Прошли в большую светлую комнату. Все картины находились в шкафу, укрытые плотной черной материей. Подняв первую картину, Цайнер сразу узнал полотно голландского художника Ханса Мемлинга, на котором была изображена полная женщина, лежащая на тахте. Ее большой живот со складками и объемную грудь скрывало легкое полупрозрачное покрывало, неровно свешивавшееся на пол.
Было на чем задержать взгляд…
Прямо на столе Отто увидел родонитовую шкатулку с золотыми вставками.

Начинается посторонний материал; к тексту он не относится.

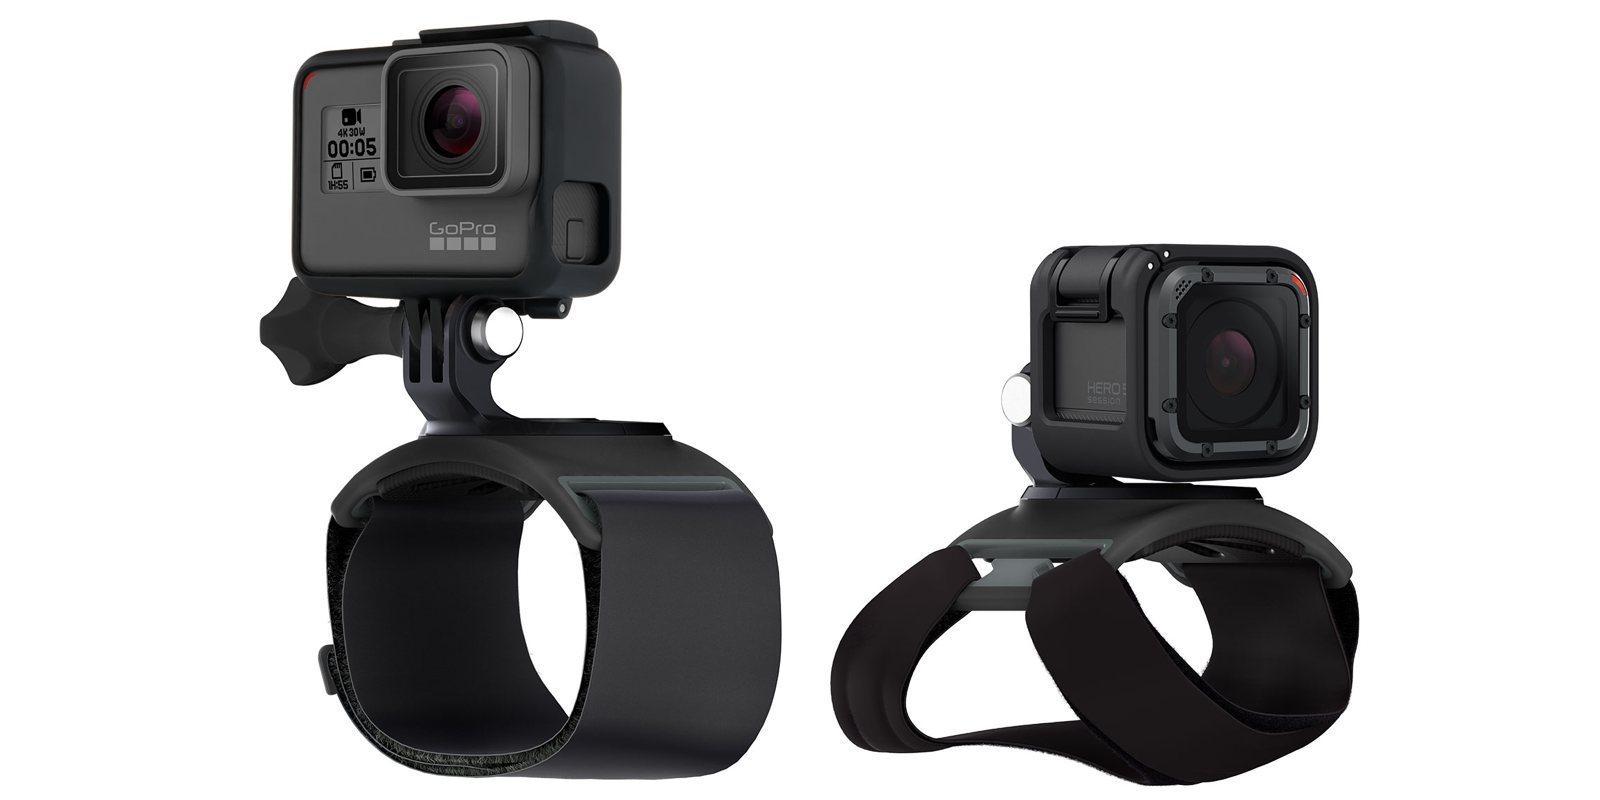 Крепление на руку GoPro Hand + Wrist Strap (AHWBM-002) варианты

В коллекции Феоктистова она значилась под двадцать третьим номером и была изготовлена знаменитым итальянским мастером Боризани.
– Откуда у вас эта шкатулка?
– Эту шкатулку подарил мне мой… близкий друг, – растерянно проговорила Лиони.
– Уж не Шрайбер ли?
– Вы его знаете? – удивилась она.
– Конечно, он уже дает нам показания. Собирайтесь.
– Куда?
– В управление криминальной полиции. Думаю, нам есть о чем поговорить.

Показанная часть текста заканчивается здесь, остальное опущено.